LeetCode 127. Word Ladder

(Source) Given two words (beginWord and endWord), and a dictionary’s word list, find the length of shortest transformation sequence from beginWord to endWord, such that:

1. Only one letter can be changed at a time
2. Each intermediate word must exist in the word list

For example,

Given:
beginWord = “hit”
endWord = “cog”
wordList = [“hot”,”dot”,”dog”,”lot”,”log”]
As one shortest transformation is “hit” -> “hot” -> “dot” -> “dog” -> “cog”,
return its length 5.

Note:

• Return 0 if there is no such transformation sequence.
• All words have the same length.
• All words contain only lowercase alphabetic characters.

Solution

The idea is using Breadth-first Search, and searching from the “smaller” side in each turn.

class Solution1(object):
    def ladderLength(self, beginWord, endWord, wordList):
        """
        :type beginWord: str
        :type endWord: str
        :type wordlist: Set[str]
        :rtype: List[List[int]]
        """
        st1, st2 = set([beginWord]), set([endWord])
        words = set(wordList)
        explored = set([beginWord, endWord])
        length = 2
        while True:
            if len(st1) > len(st2):
                st1, st2 = st2, st1
            st = set()
            while st1:
                s1 = st1.pop()
                for s2 in words:
                    if self.valid(s1, s2):
                        if s2 in st2:
                            return length
                        elif s2 in explored:
                            pass
                        else:
                            st.add(s2)
                            explored.add(s2)
            st1 = st
            length += 1
        return 0


    def valid(self, s1, s2):
        """
        :type s1: str
        :type s2: str
        :rtype: bool
        """
        return sum(1 for i in xrange(len(s1)) if s1[i] != s2[i]) == 1

Solution above gets an TLE, the reason is the inner while and for loop doing the Breadth-first Search.
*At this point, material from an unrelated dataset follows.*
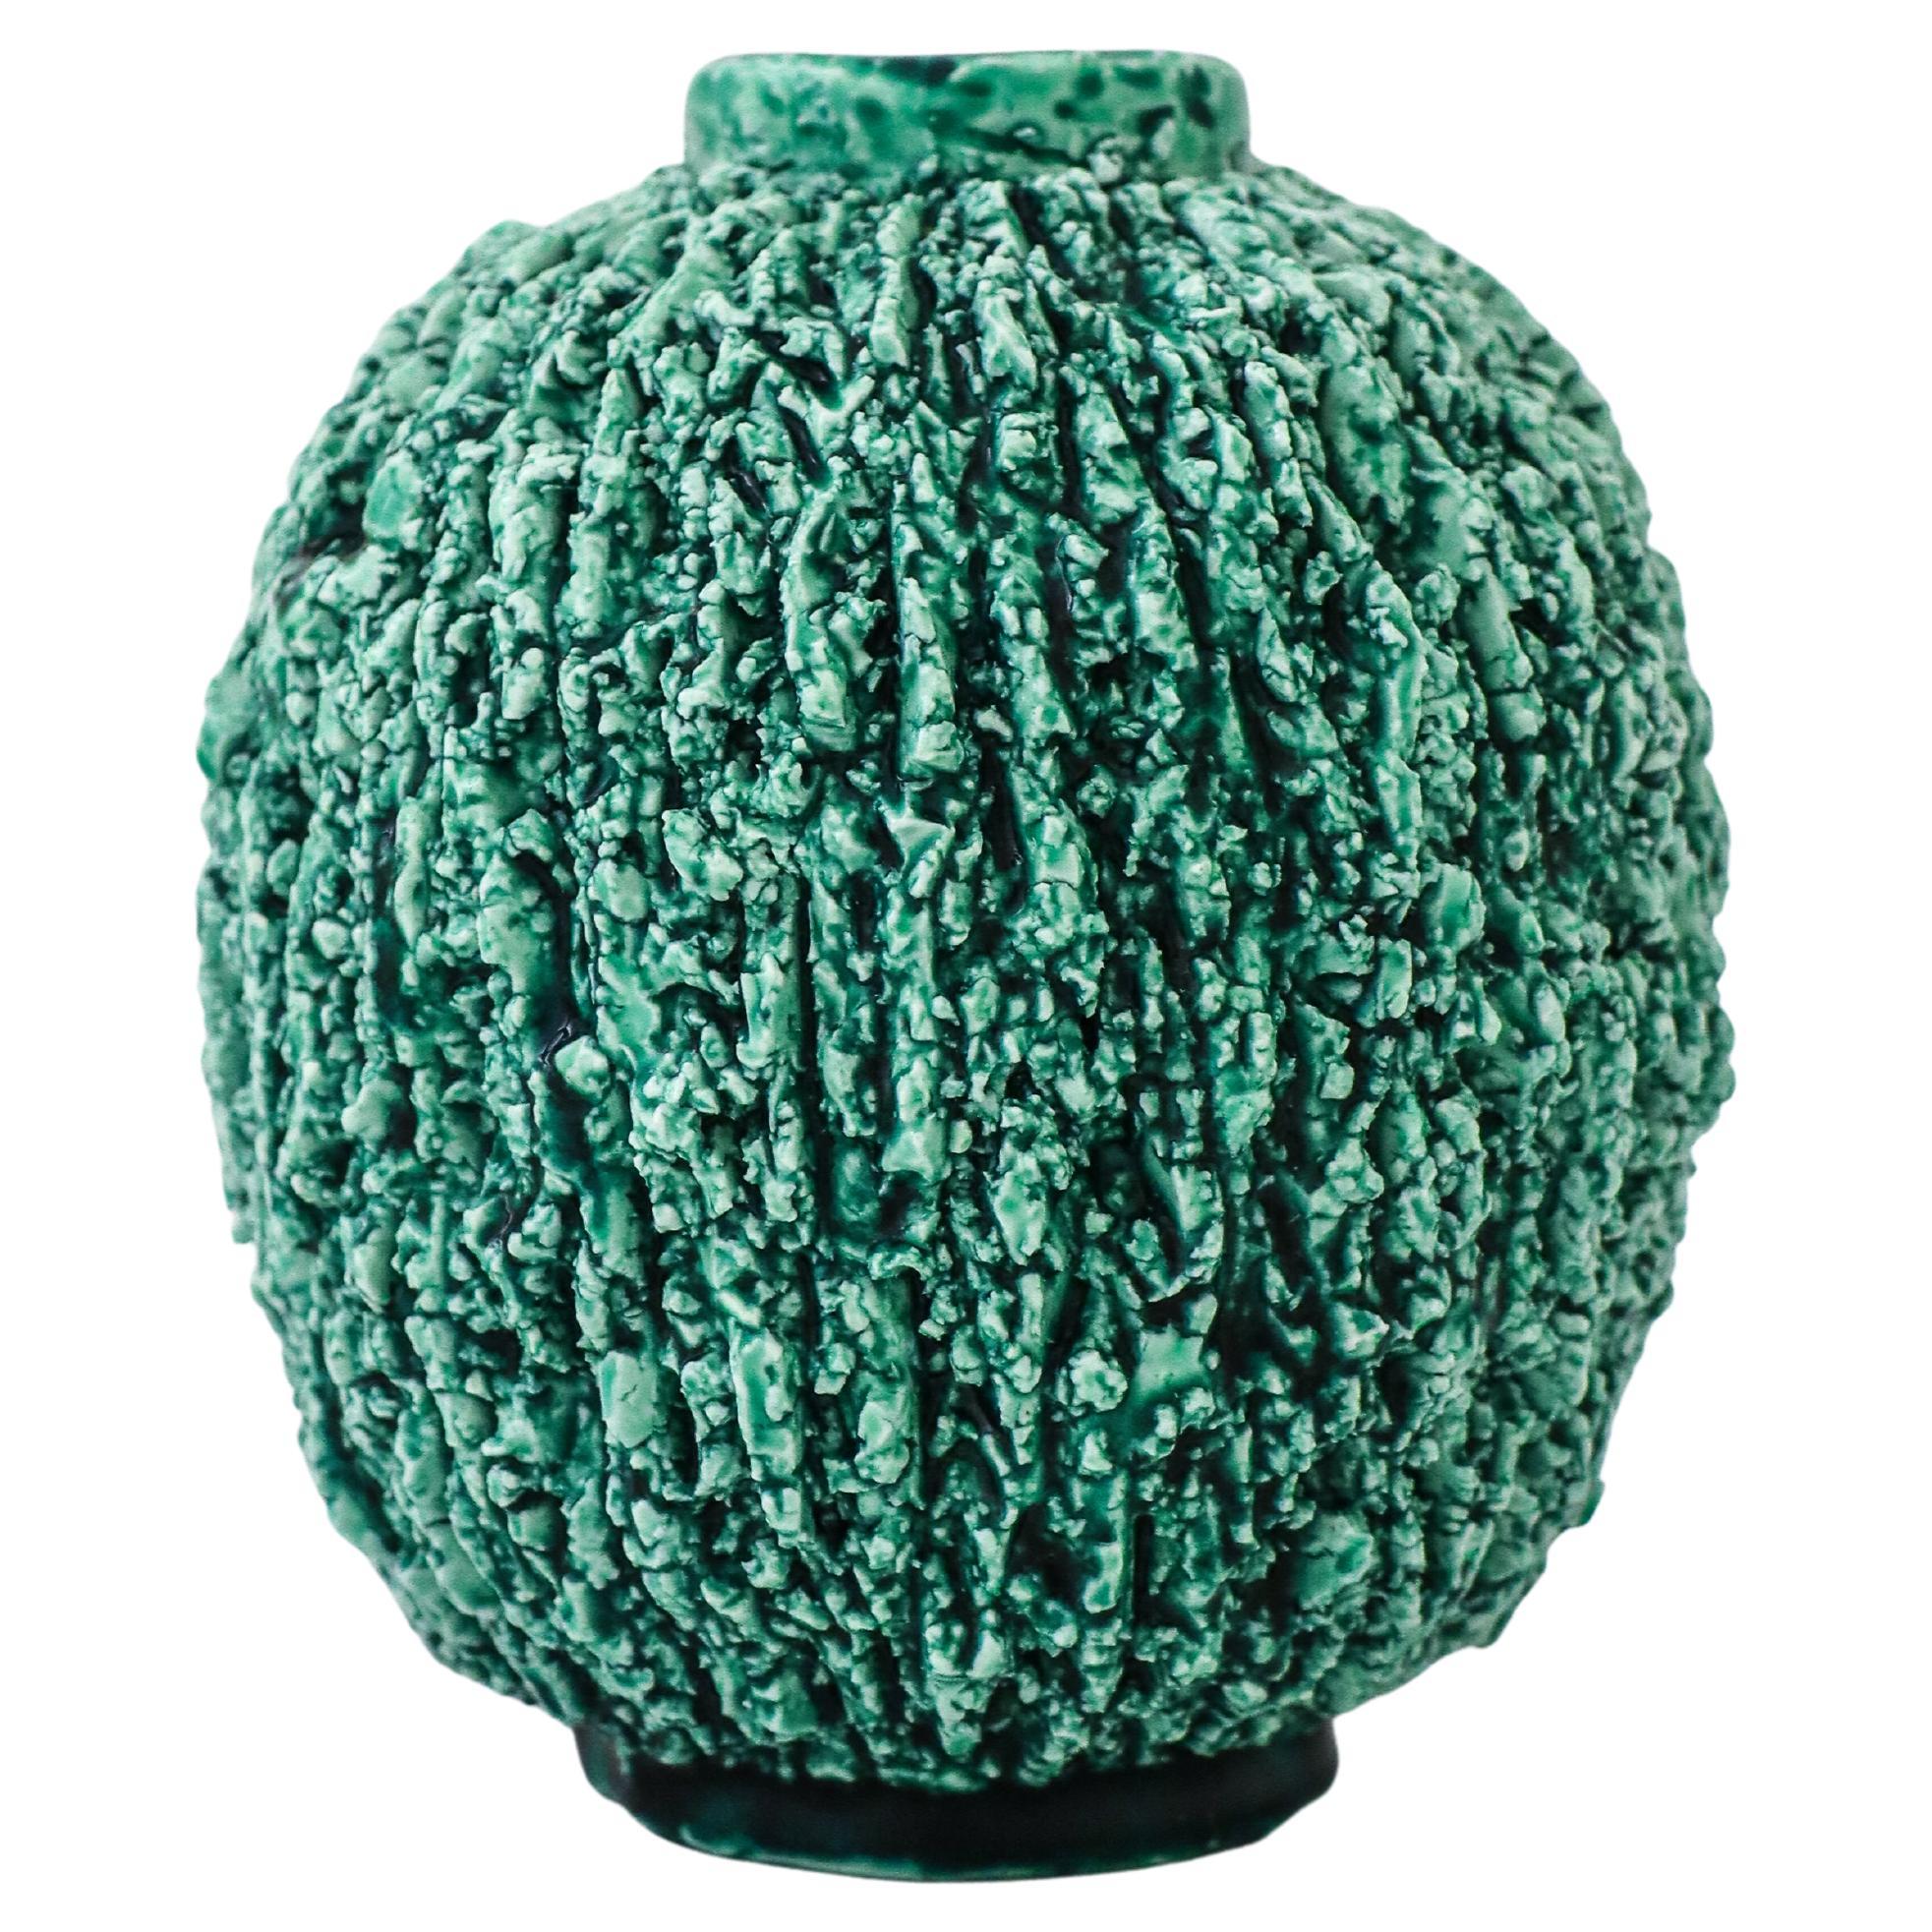 A Green Hedgehog vase - Chamotte - Gunnar Nylund - Rörstrand

Noting that “All words contain only lowercase alphabetic characters“, above algorithm can be further optimised as below:

class Solution(object):
    def ladderLength(self, beginWord, endWord, wordList):
        """
        :type beginWord: str
        :type endWord: str
        :type wordlist: Set[str]
        :rtype: List[List[int]]
        """
        st1, st2 = set([beginWord]), set([endWord])
        words = set(wordList)
        explored = set([beginWord, endWord])
        length = 2
        while st1:
            st1, st2 = sorted([st1, st2], key=len)
            st = set()
            while st1:
                s1 = st1.pop()
                arr = list(s1)
                for i in xrange(len(arr)):
                    old_ord_value = ord(arr[i])
                    for ord_value in xrange(97, 123):
                        if ord_value == old_ord_value:
                            continue
                        arr[i] = chr(ord_value)
                        s2 = ''.join(arr)
                        if s2 in st2:
                            return length
                        elif s2 not in explored and s2 in words:
                            st.add(s2)
                            explored.add(s2)
                    arr[i] = chr(old_ord_value)
            st1 = st
            length += 1
        return 0